#### [EXERCISE AIM]
When you transcribe the lines below, keep every word the same and leave the pictures behind.
====
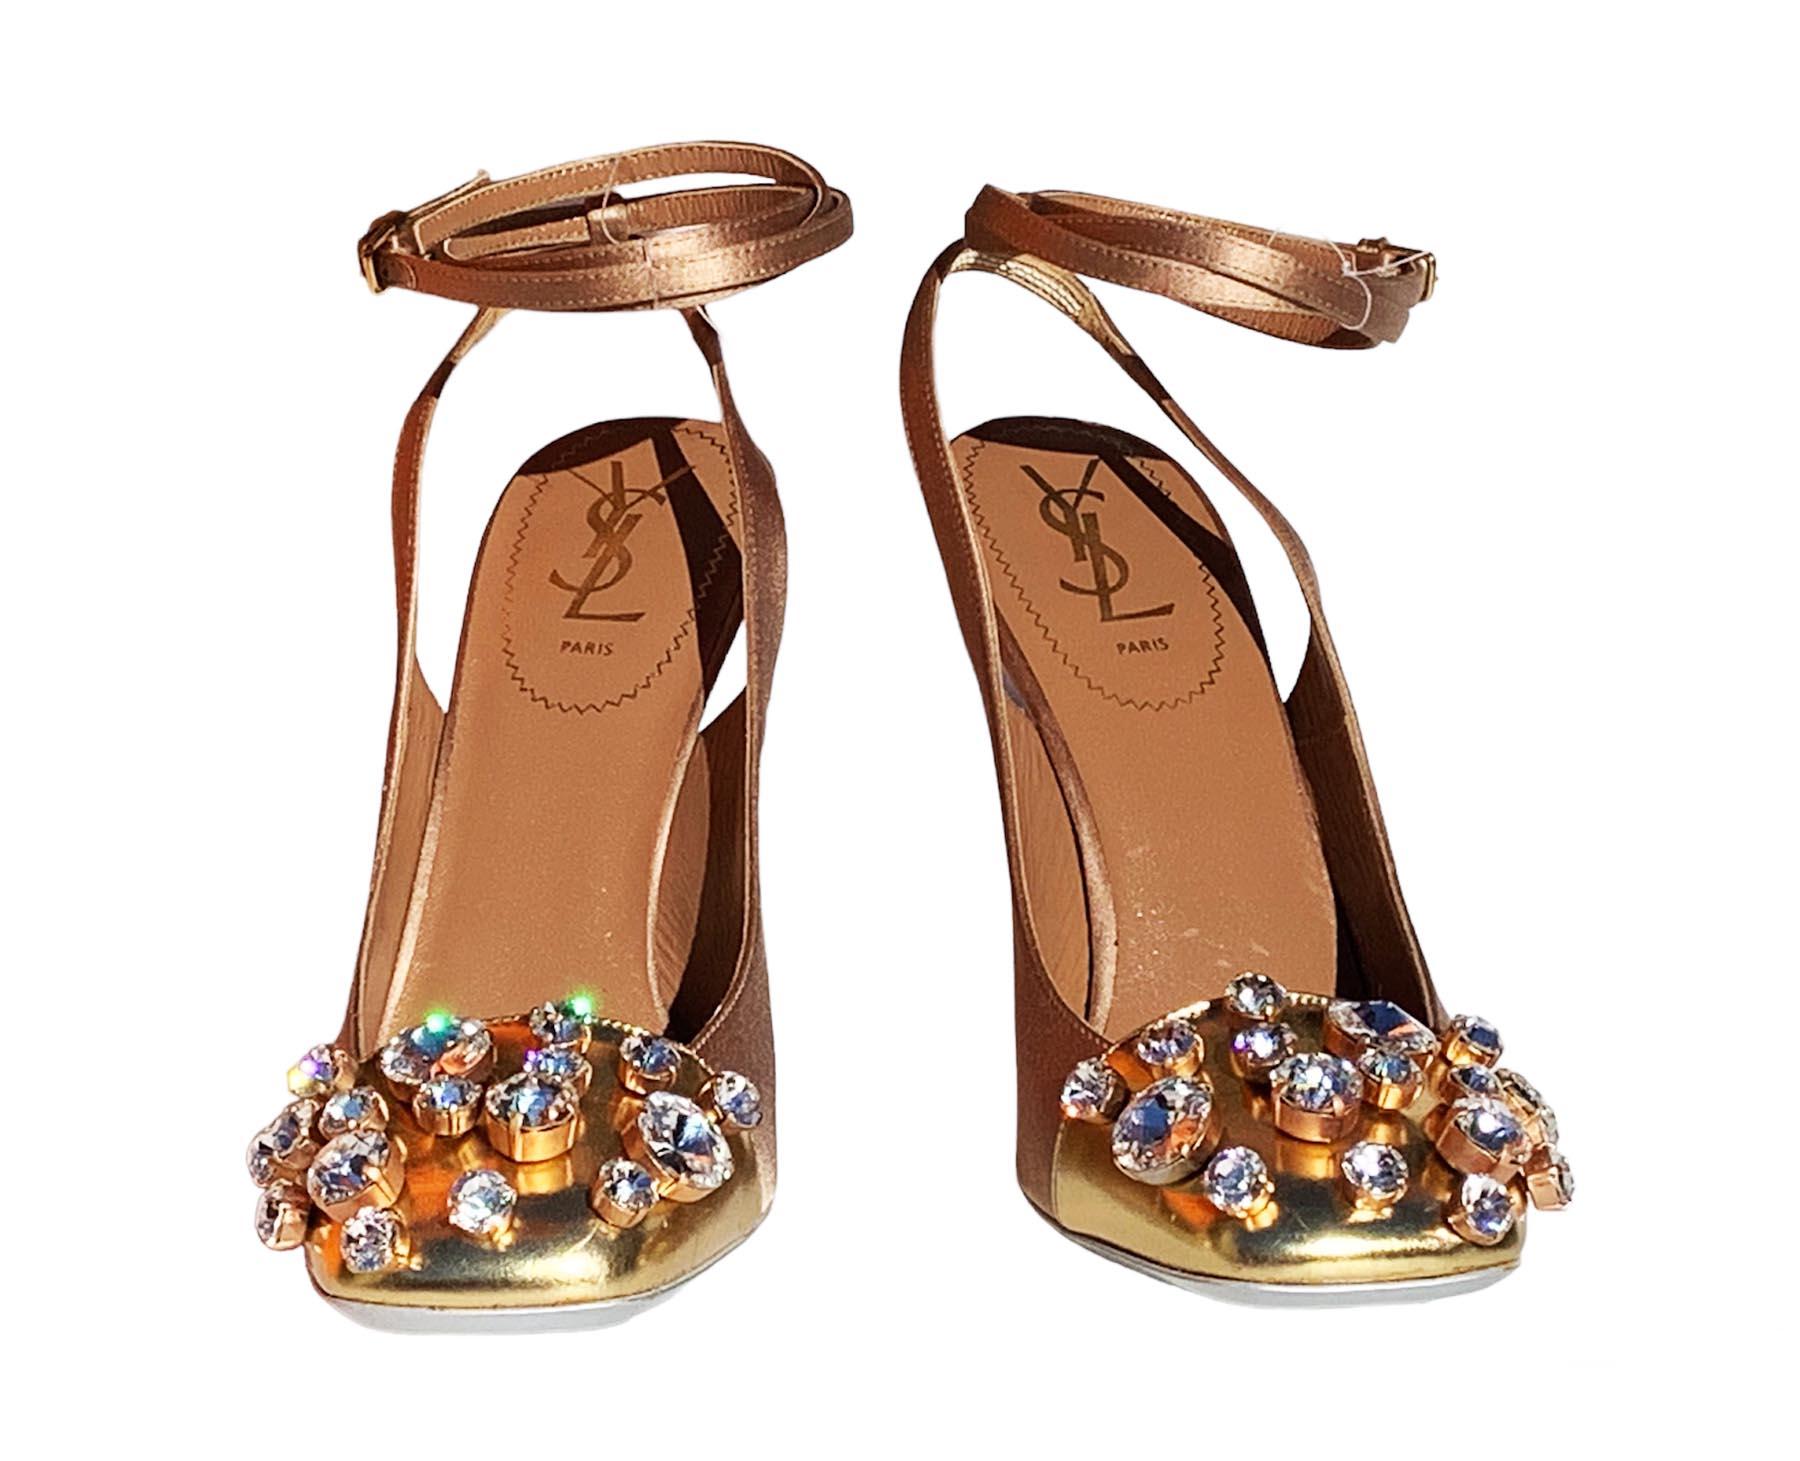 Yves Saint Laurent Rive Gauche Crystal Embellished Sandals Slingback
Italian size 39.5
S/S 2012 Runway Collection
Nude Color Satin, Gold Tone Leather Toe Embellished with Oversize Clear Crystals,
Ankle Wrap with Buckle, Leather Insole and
====
#### [OUTPUT FOR THIS EXERCISE]
 Yves Saint Laurent Rive Gauche Crystal Embellished Sandals Slingback
Italian size 39.5
S/S 2012 Runway Collection
Nude Color Satin, Gold Tone Leather Toe Embellished with Oversize Clear Crystals,
Ankle Wrap with Buckle, Leather Insole and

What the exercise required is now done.